_WHAT YOU ARE ASKED TO DO:_
Return exactly the lines below, starting with the one that has "Image of Mini Cotton Skirt W/ Strings" and going on through the one that has "LumiFX 20m Wi-Fi".

-- RECORDS FOR THE TASK follows --

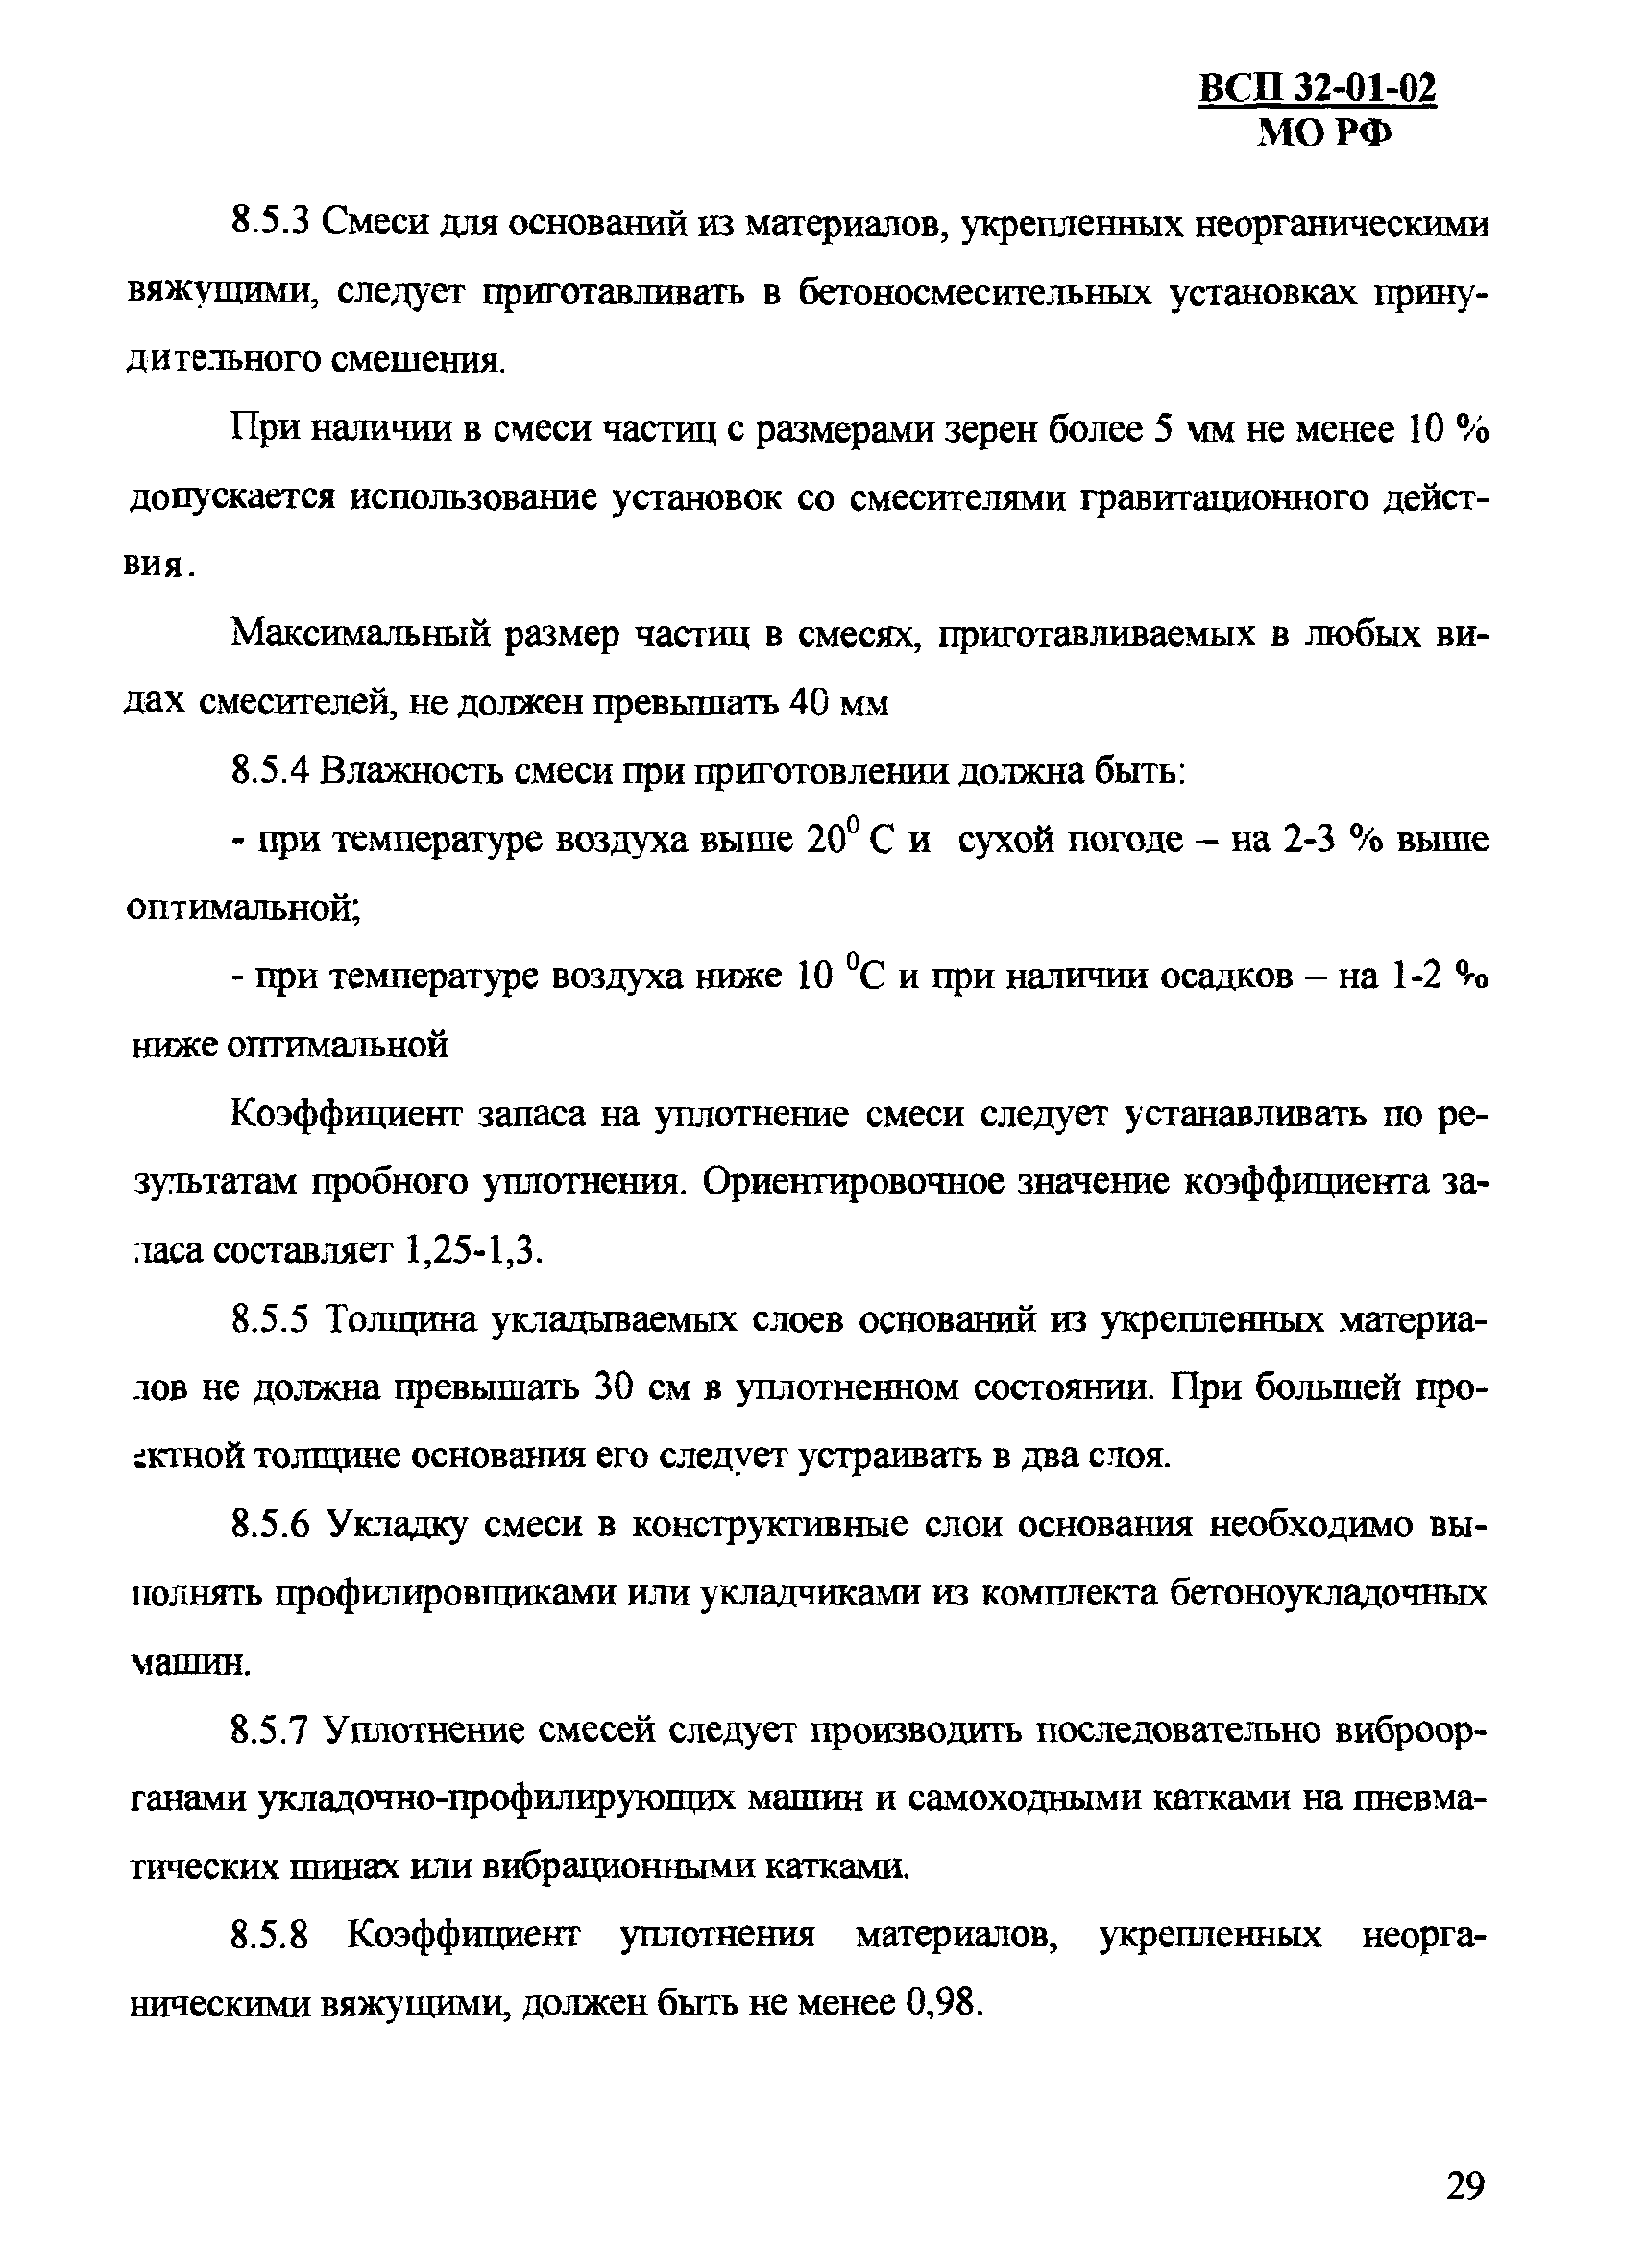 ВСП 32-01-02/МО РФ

-- RECORDS FOR THE TASK concluded --
-- RECORDS FOR THE TASK follows --

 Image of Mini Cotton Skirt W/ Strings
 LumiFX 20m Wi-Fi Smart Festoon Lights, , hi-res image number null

-- RECORDS FOR THE TASK concluded --
-- RECORDS FOR THE TASK follows --

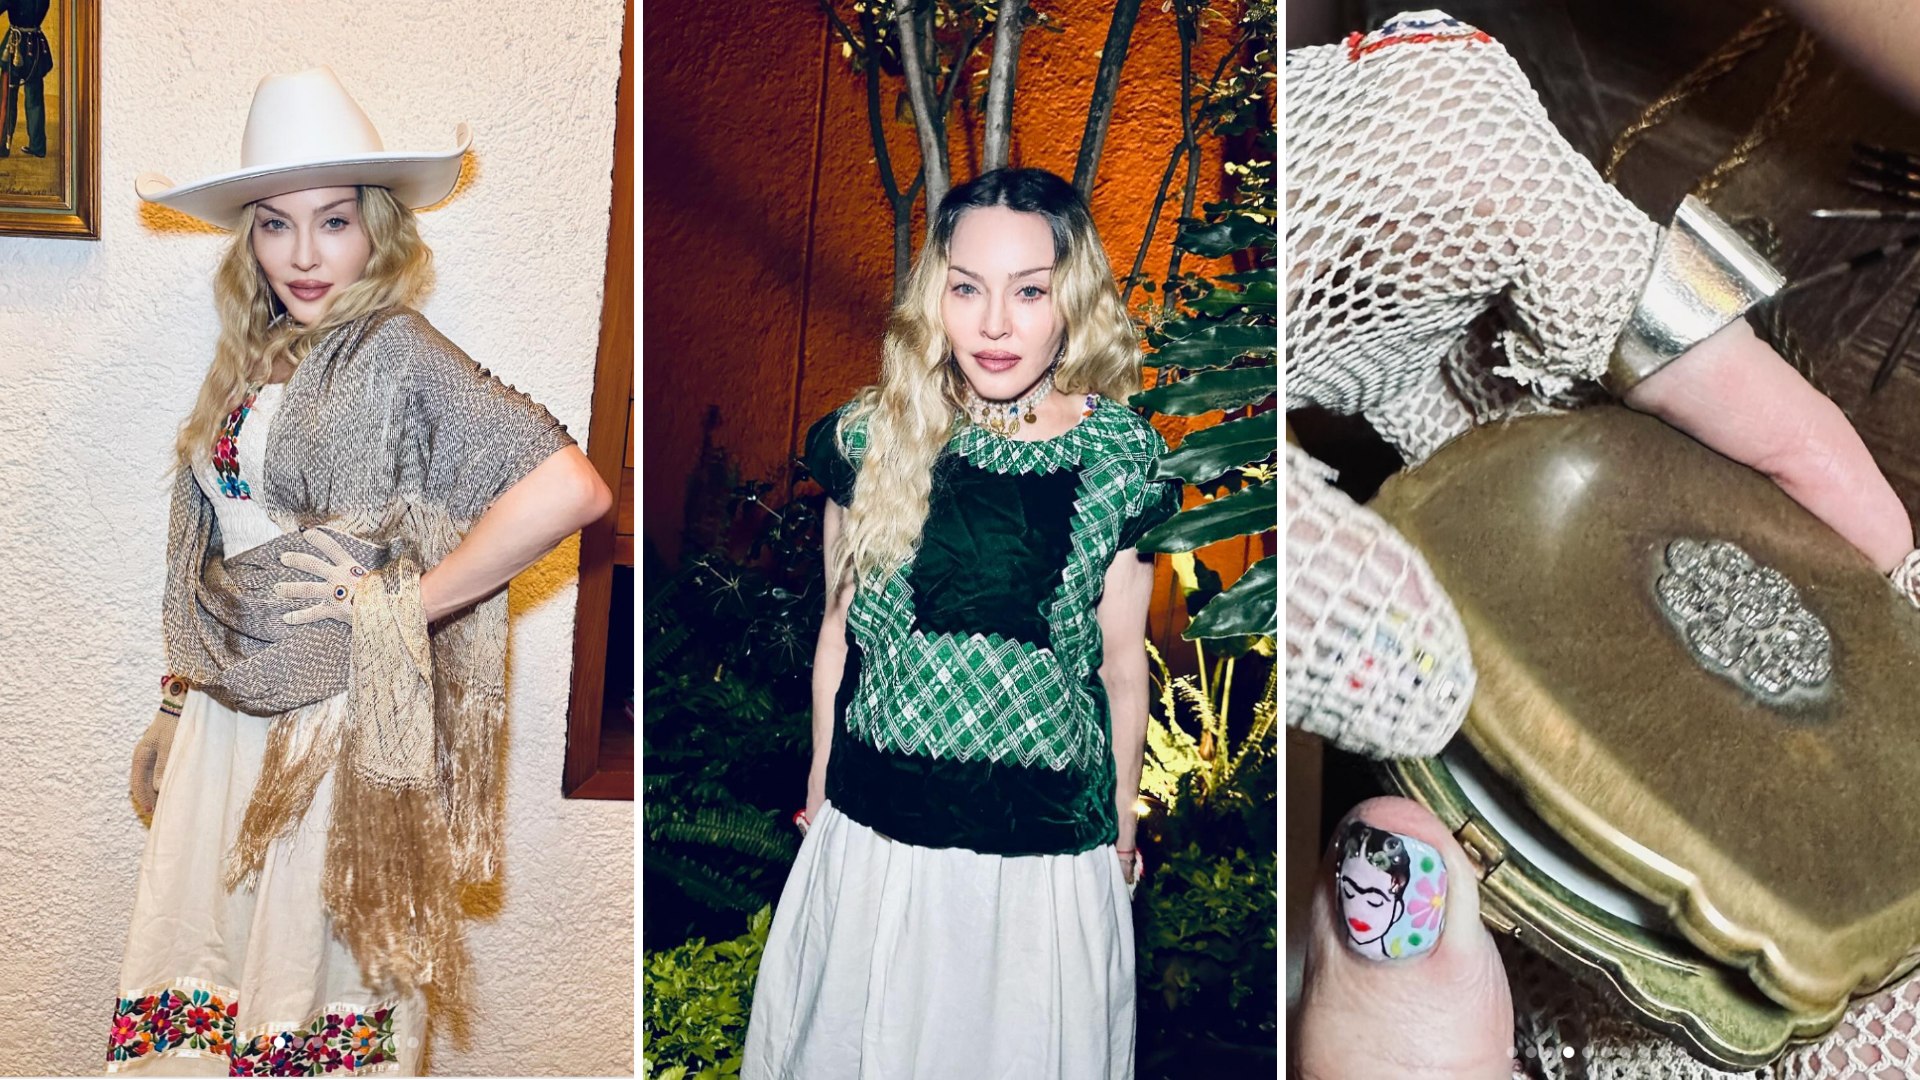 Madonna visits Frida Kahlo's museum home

-- RECORDS FOR THE TASK concluded --

_COMPLETED EXERCISE:_
 Image of Mini Cotton Skirt W/ Strings
 LumiFX 20m Wi-Fi Smart Festoon Lights, , hi-res image number null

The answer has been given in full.